Baseball Determinism

PECOTA's projected 2008 standings are out, and over at BBTF they're discussing the results.

(I'm just going to mention here that it looks like the PECOTA depth charts include some players accruing substantial playing time for the wrong teams, such as Steve Trachsel and Morgan Ensberg. That may be affecting the results. Moving on...)

The guys at BBTF are normally very good at baseball analysis, but most of them are missing the point in this thread. First, they start on an unnecessary tangent about whether last year's Yankees would have won the AL East or the World Series under a number of hypothetical scenarios. The answer: we don't know. Maybe they would have had a 35% chance at winning the World Series if they had advanced to face the Red Sox in the ALCS, but we can't say that it would happen for certain. If it was that easy, the pundits at ESPN--who are so sure what will happen ahead of time--would never have to work again, because the gambling winnings would constantly flow in.

But my main bone of contention is with the notion that the outcome of this year's AL East race will be a test of various projection systems. Obviously, all the projections have the Rays and Blue Jays battling it out...for third place. The Yankees and Red Sox are separated by only a few games in each projection, with most having New York on top.
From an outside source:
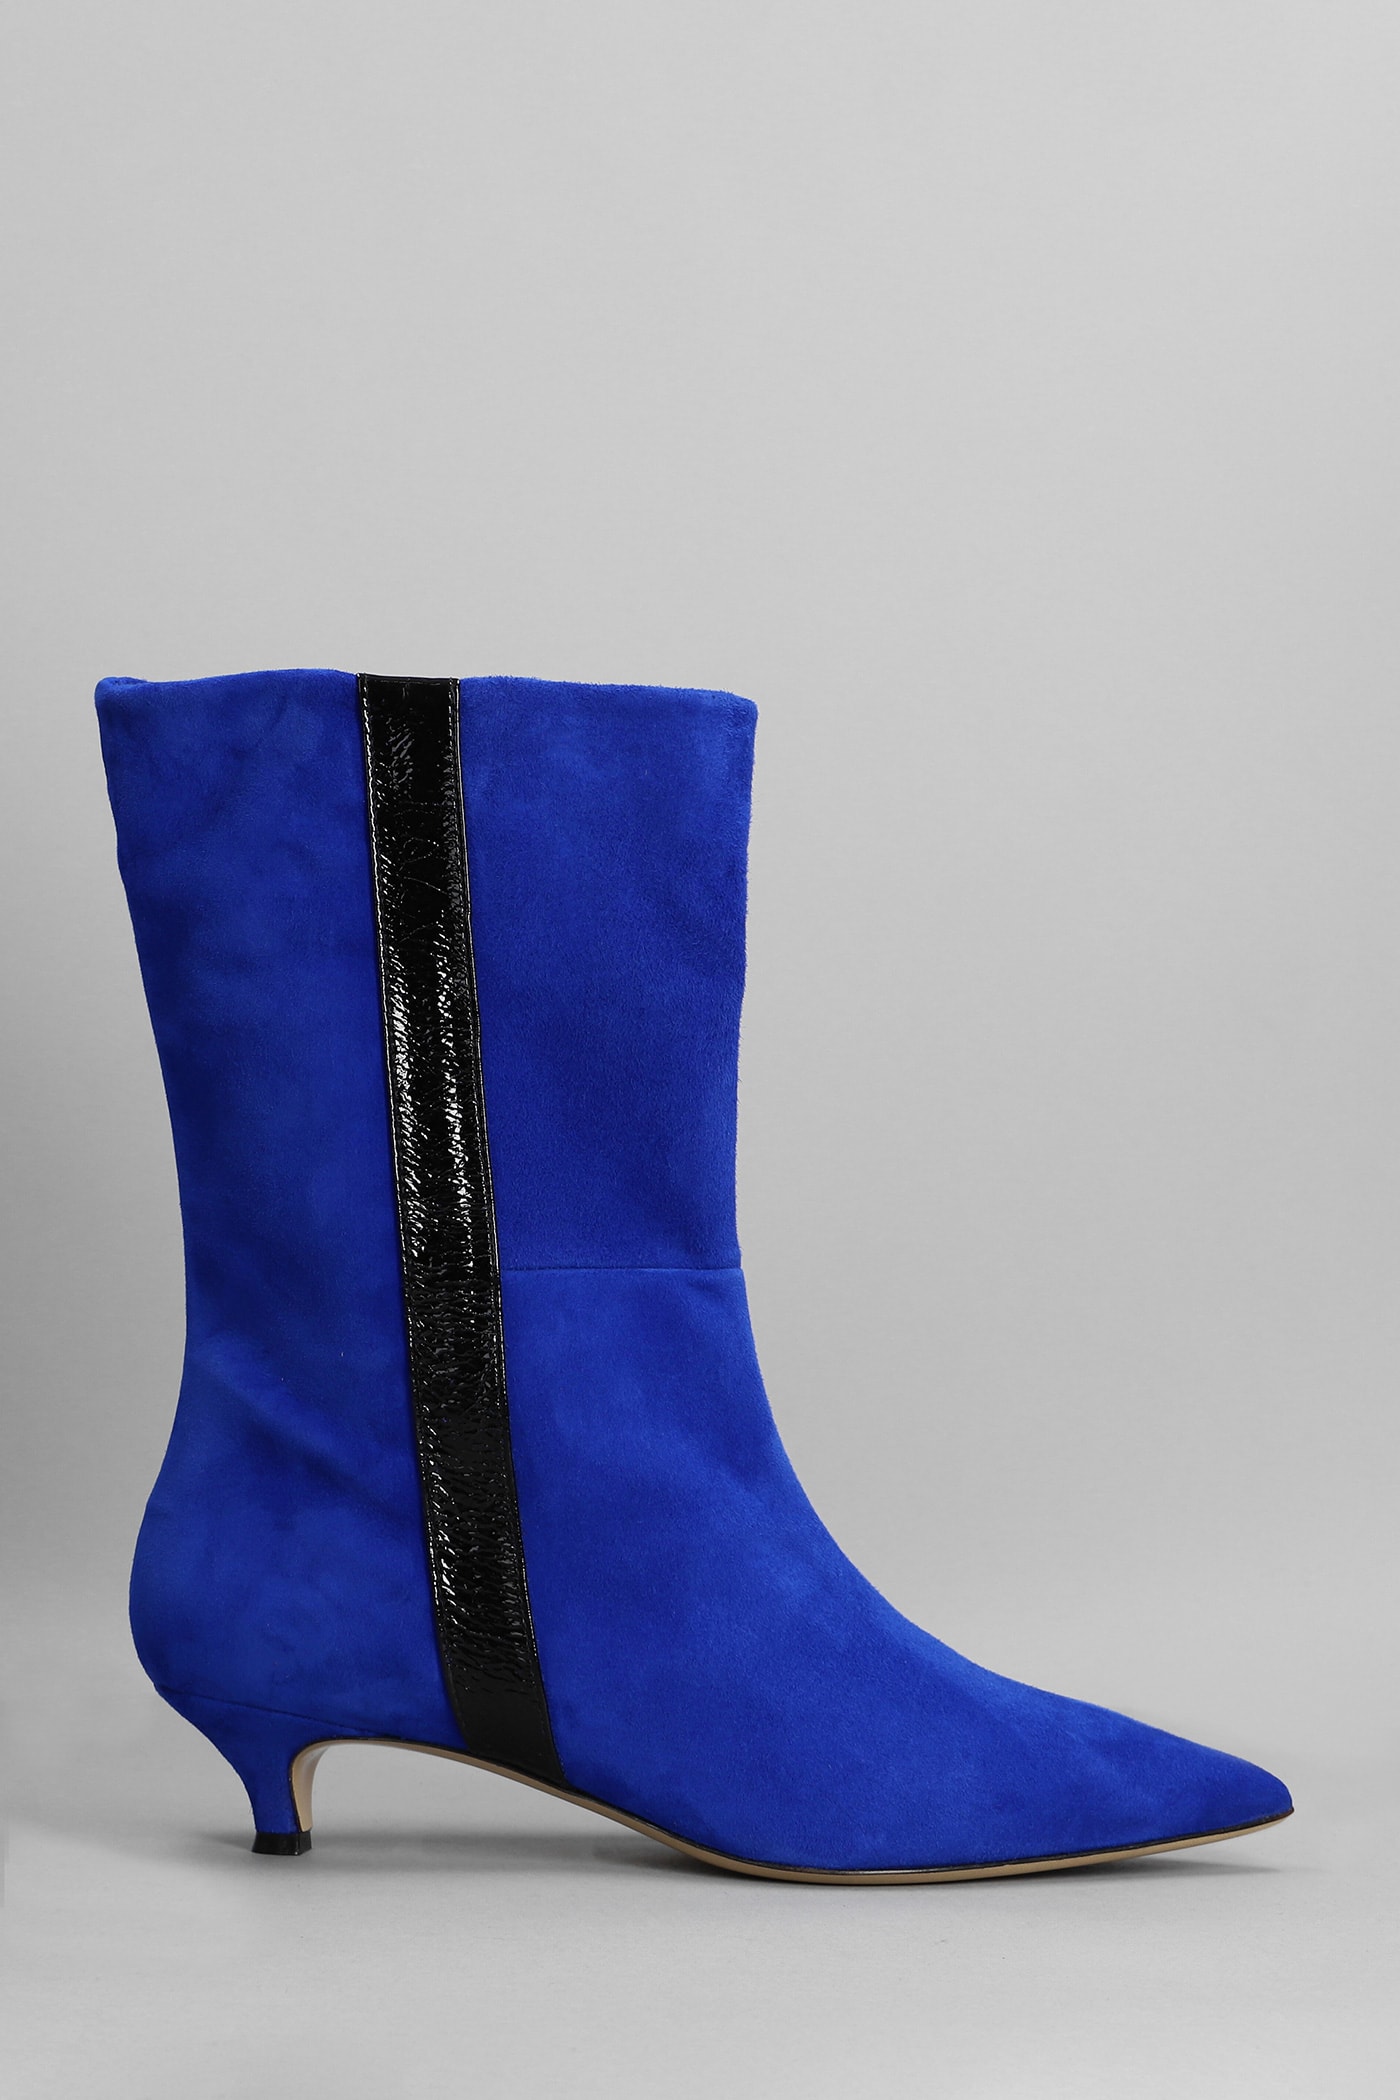 Alchimia High Heels Ankle Boots In Blue Suede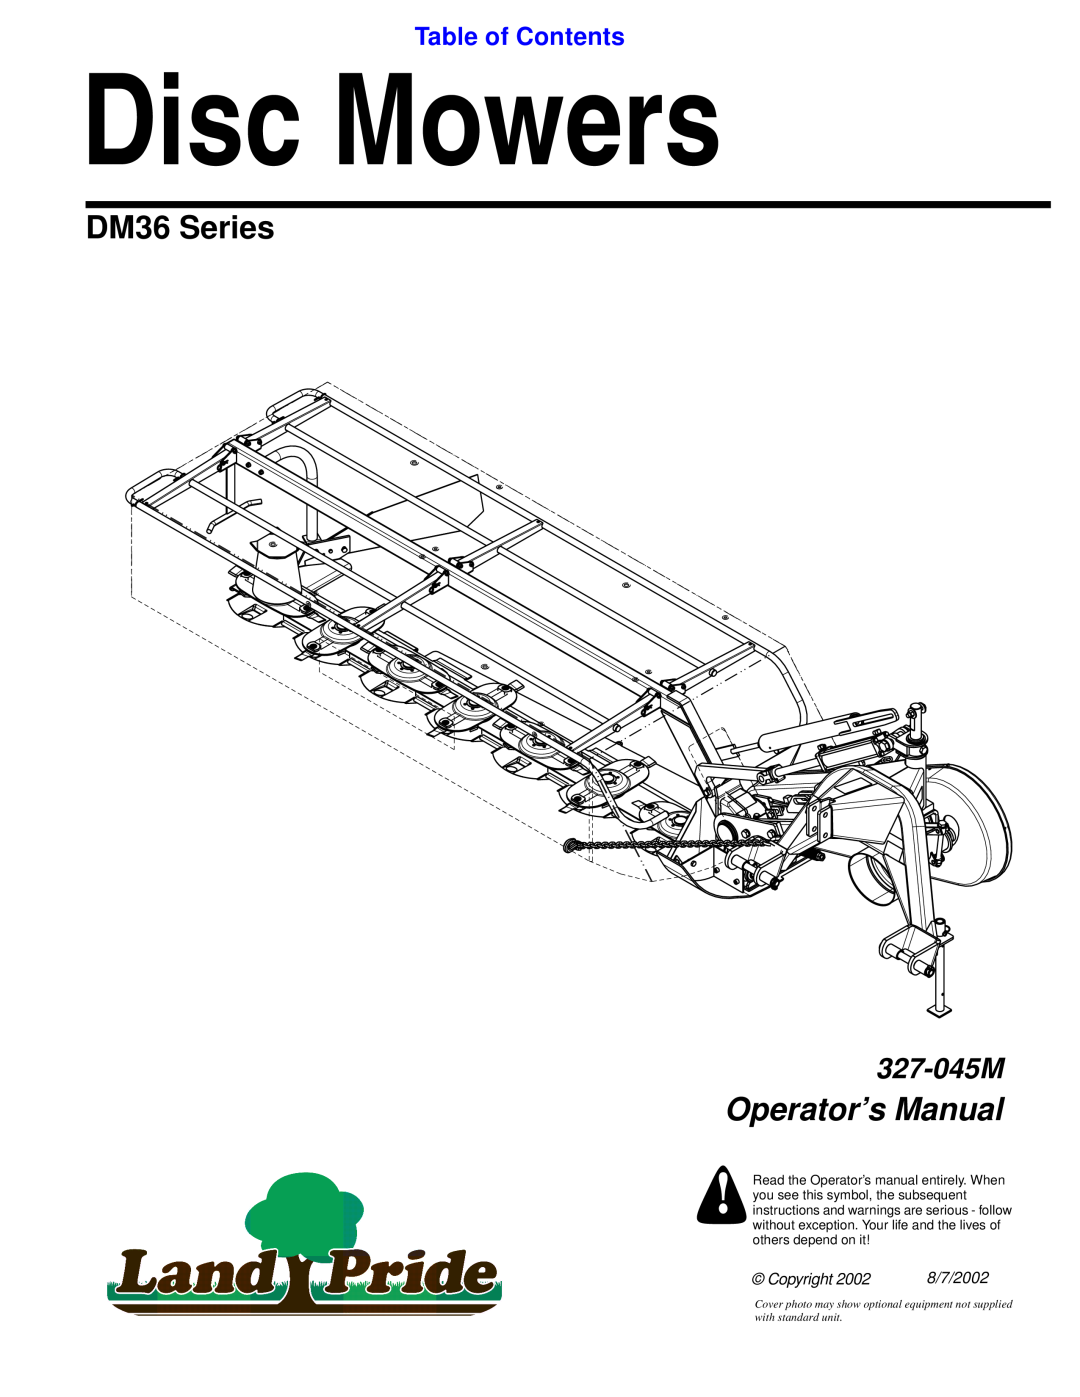 Land Pride DM36 Series manual Table of Contents, Disc Mowers, Operator’s Manual, 327-045M, Copyright, 8/7/2002

Let's say your projections have New York beating Boston, 94 wins to 93, while another person says Boston will triumph by one game. If Boston actually wins the division, does this prove that the other guy did a better job than you? Certainly not. When it comes to such small margins, the results are dominated by variance. In fact, even if you KNOW that New York is a 94-win team and Boston is a 93-win team, the Yankees will only come out on top 54.4% of the time! With a sample size of one, this is practically a coin flip, and I rarely say that someone else is smarter than me because I lose a coin toss to him.

I highly recommend this piece on randomness in MLB standings. Even if you know a team is "supposed" to win 94 games, 15% of the time they will still finish with 87 or fewer wins. Another 15% of the time, they'll win 101 or more.

Remember, this assumes you know the exact talent level of each team. In real life, you have injuries, trades, call-ups, send-downs, and uncertain projections; all of these serve to increase the level of uncertainty. I very much doubt that anyone can consistently project the MLB standings with a standard deviation of under 8 games.

This doesn't mean you can't that argue some projections are better than others. When the White Sox hit PECOTA's 2007 projection of 72 wins on the nose--versus a Vegas over/under line of 89.5--it was extremely unlikely that this happened by chance alone. This alone doesn't prove PECOTA is a better judge of the standings than Vegas, but it's certainly a strong data point in favor of that notion.